Прокламация и подсолнух (Сович, Дубко) - страница 120

– А ты не догадываешься? – в другой раз он бы точно не стал излагать детально – кому охота рассказывать, как сотворил явную глупость? Но сейчас главное было – свернуть разговор с опасной темы. – Говорю же, я мелкий тогда был еще. Дурной.

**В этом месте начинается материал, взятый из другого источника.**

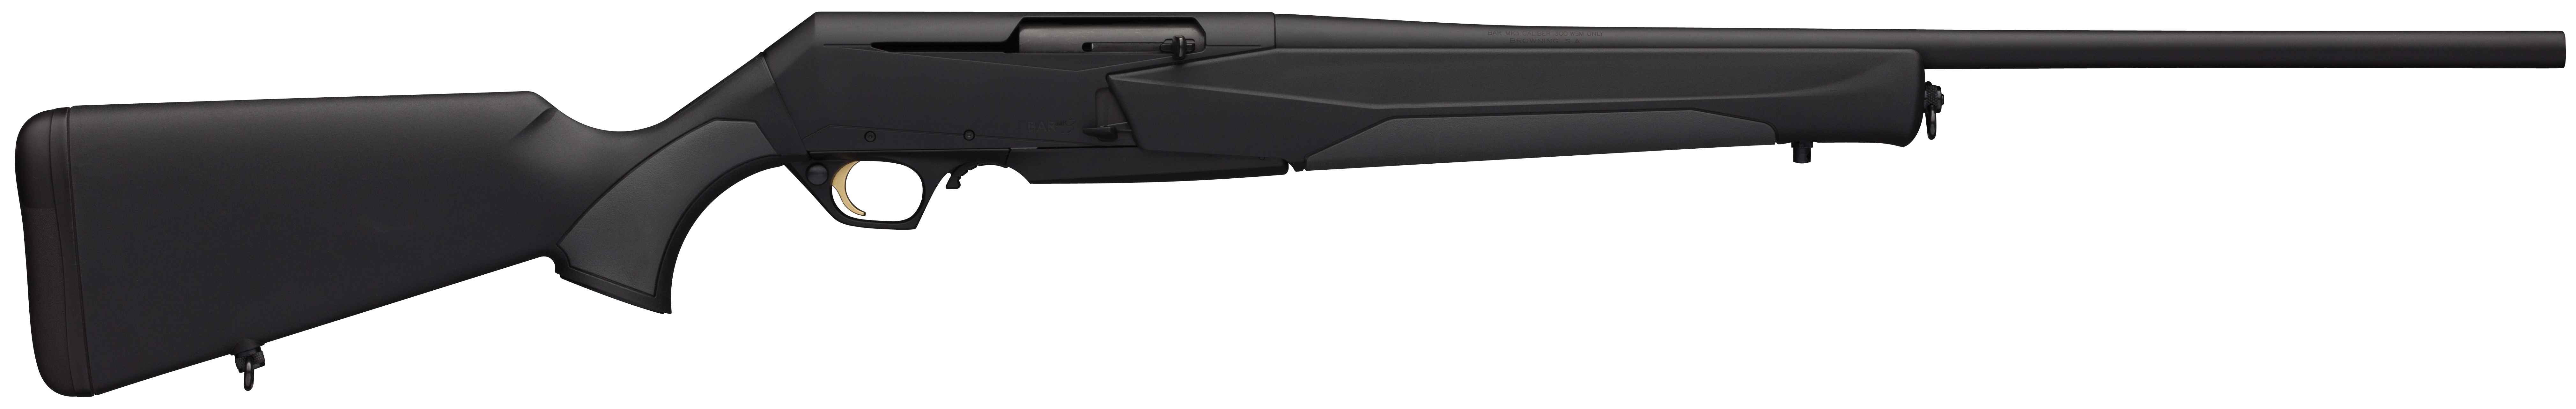 Browning BAR MK 3 Stalker

Скальных тропок в окрестностях не водилось, так что засаду я устроил на яблоне. Подкараулил дядьку, ну, и сиганул с ветки ему на спину. Скрутили меня в момент, – он невольно фыркнул, вспоминая, и прибавил честно: – Но мне еще здорово повезло, что дядька меня заметил издали, а то ведь и шею свернуть мог.

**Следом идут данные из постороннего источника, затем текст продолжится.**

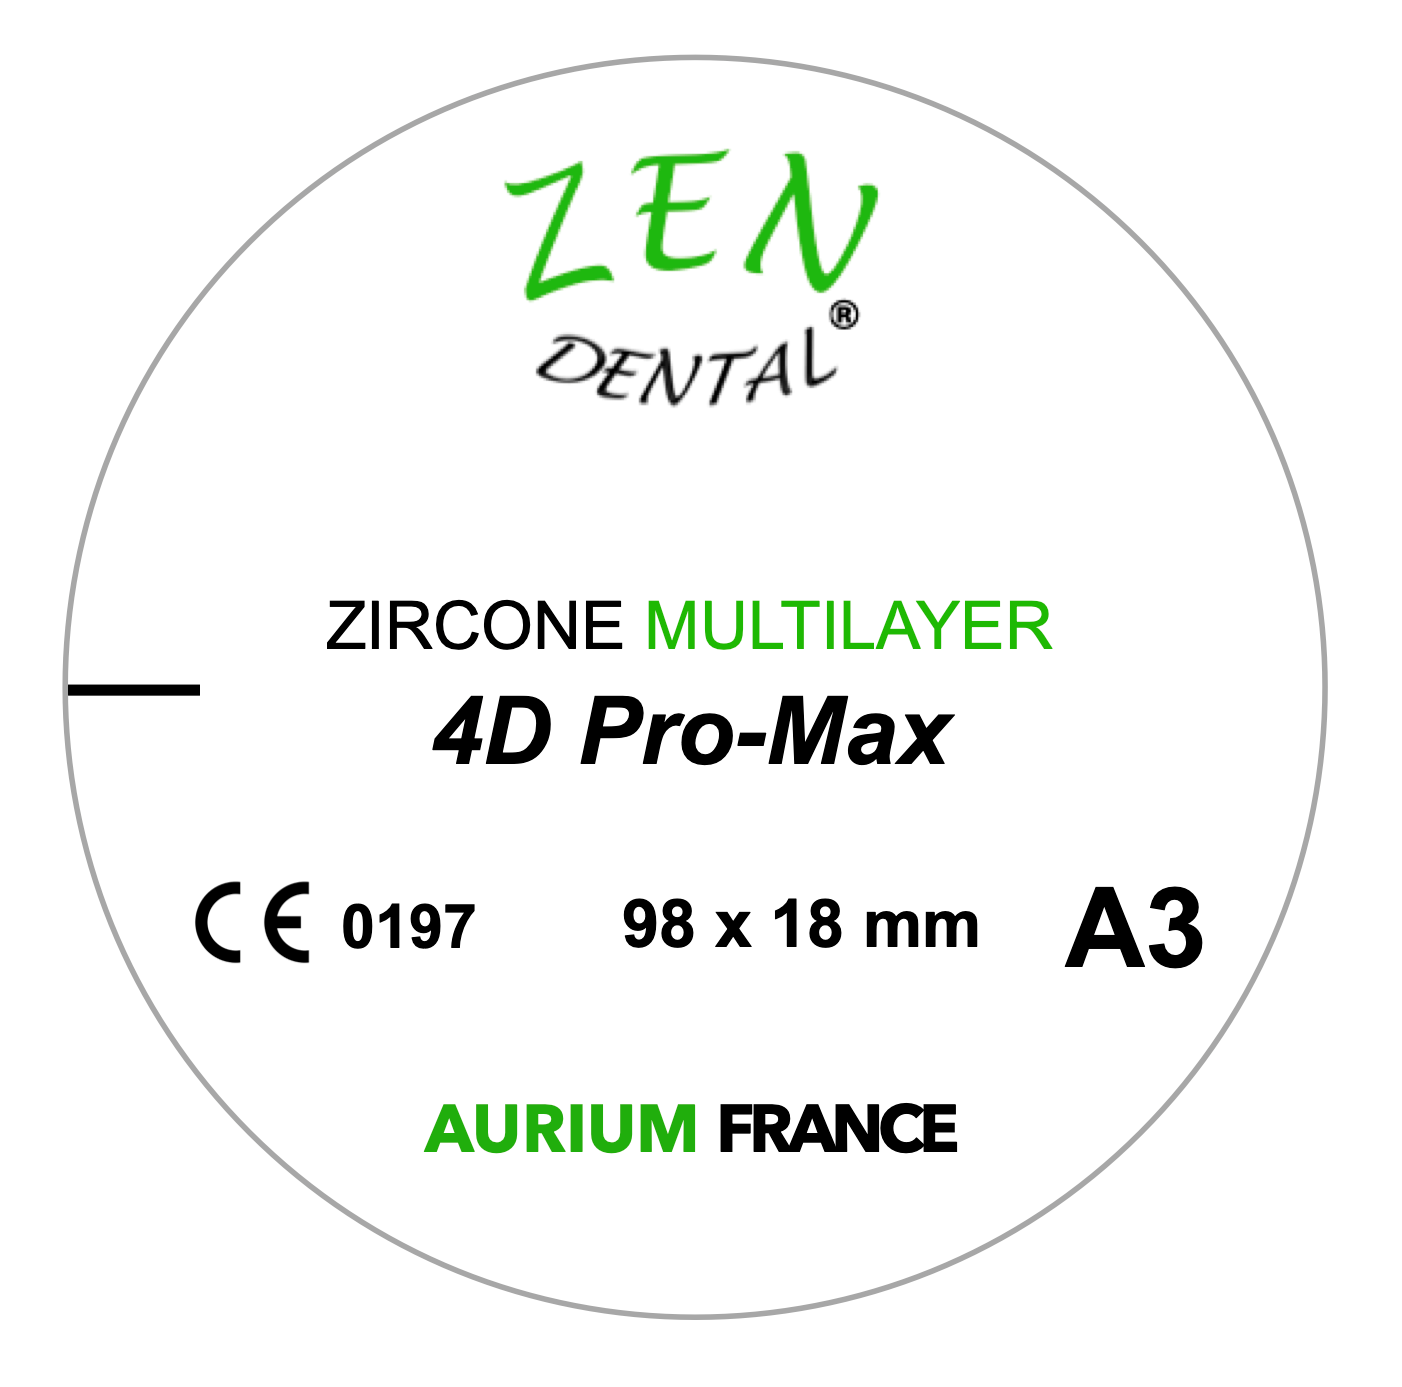 Zircone Multilayer 4D Pro-Max ZEN DENTAL

– Вот уж правда! – в голосе Морои слышался едва сдерживаемый смех. – А остальные? Ты ж говоришь, вас там целая ватага была?

Штефан развел руками.

– А остальные отсиделись по кустам. Тут я тоже маху дал. Не подумал, что у деревенских просто духу не хватит на дядьку лезть. Хотя их не спасло. Прилетело всем. Мне – за то, что не сумел как следует замаскироваться, за неверную оценку противника, за постановку отряду заведомо невыполнимой задачи, за пренебрежение к опасности для солдат и за то, что не сумел добиться выполнения приказа. Остальным – за то, что по кустам прятались. Дядька им так и сказал, дескать, хотите в войну играть, так если командир приказал – выполняйте. И если уж ввязались, нечего труса праздновать. Мол, на войне новобранцы, было дело, турок за чертей принимали, и ничего, стреляли, а не крестились. А раз операцию мы провалили, значит, попали в плен и будем отрабатывать. Вот неделю побелкой коровников и занимались все вместе.

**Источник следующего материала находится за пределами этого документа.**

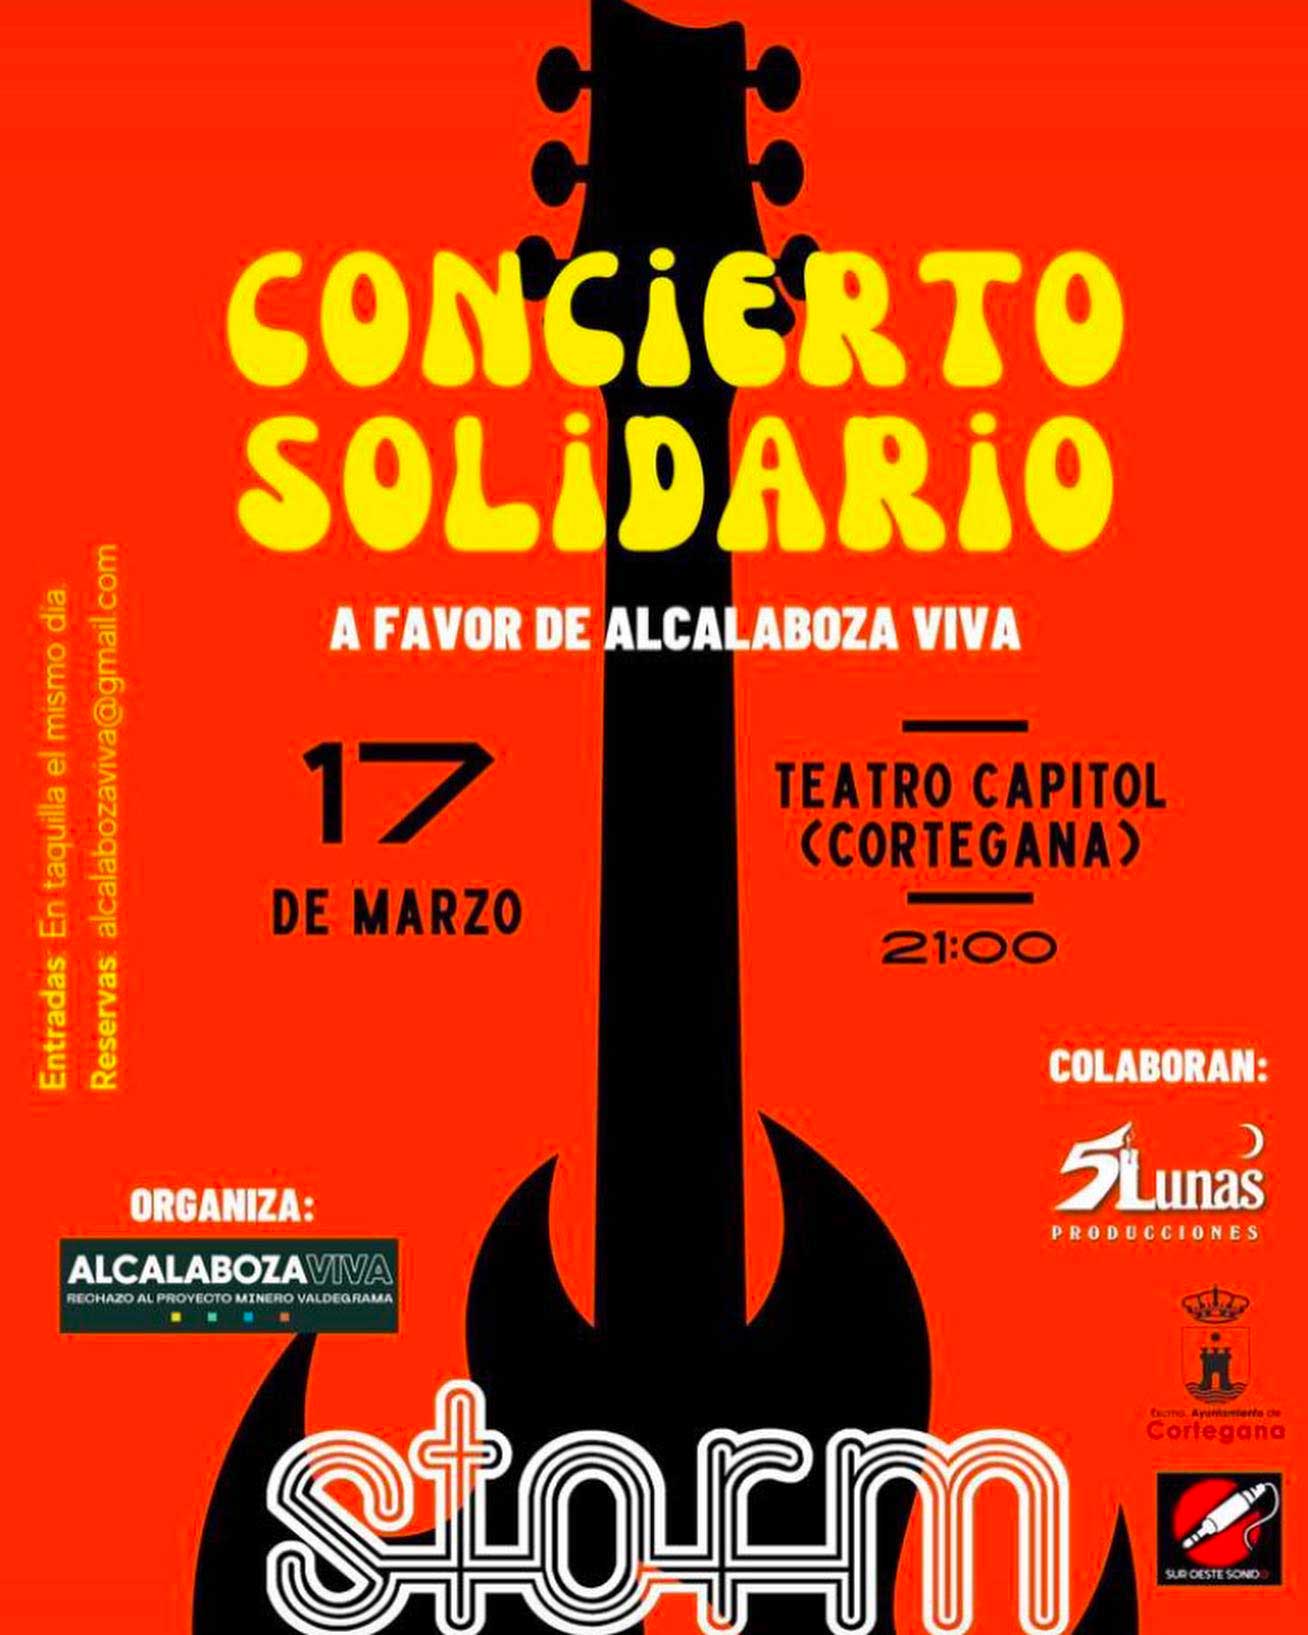 Concierto solidario Storm Alcalaboza viva 17 de marzo Cortegana

– И сбежать не попытались? – улыбнулся Мороя.

– Сбежишь тут, как же! – невольно фыркнул Штефан, но Мороя ему не поверил:

– Неужто офицер вас, обалдуев, еще и караулил?

– Да нет. Просто пообещал, что, если кто будет отлынивать, все остальные будут еще неделю прочие сараи красить. А дядька слово всегда держал, так что... Да и чего уж там, заслужили!

Штефан мотнул головой, словно это могло помочь отогнать назойливые мысли. Зарекался же! Только вот попробуй не думать, когда при рассказе в памяти само всплывает...

Жаркое летнее солнышко, припекающее спину. Стена того самого коровника, высокая, без лестницы до верху и не доберешься, а пока доберешься – перемажешься по уши. Запах гашеной известки, белые полосы от кисти и досада, что побелка ложится неровно.

А потом, к вечеру, попытка отмыться. Льющаяся на затылок холодная колодезная водичка и ворчание дядьки:

– Надо было так вывозиться! Голову, что ли, в ведро совал?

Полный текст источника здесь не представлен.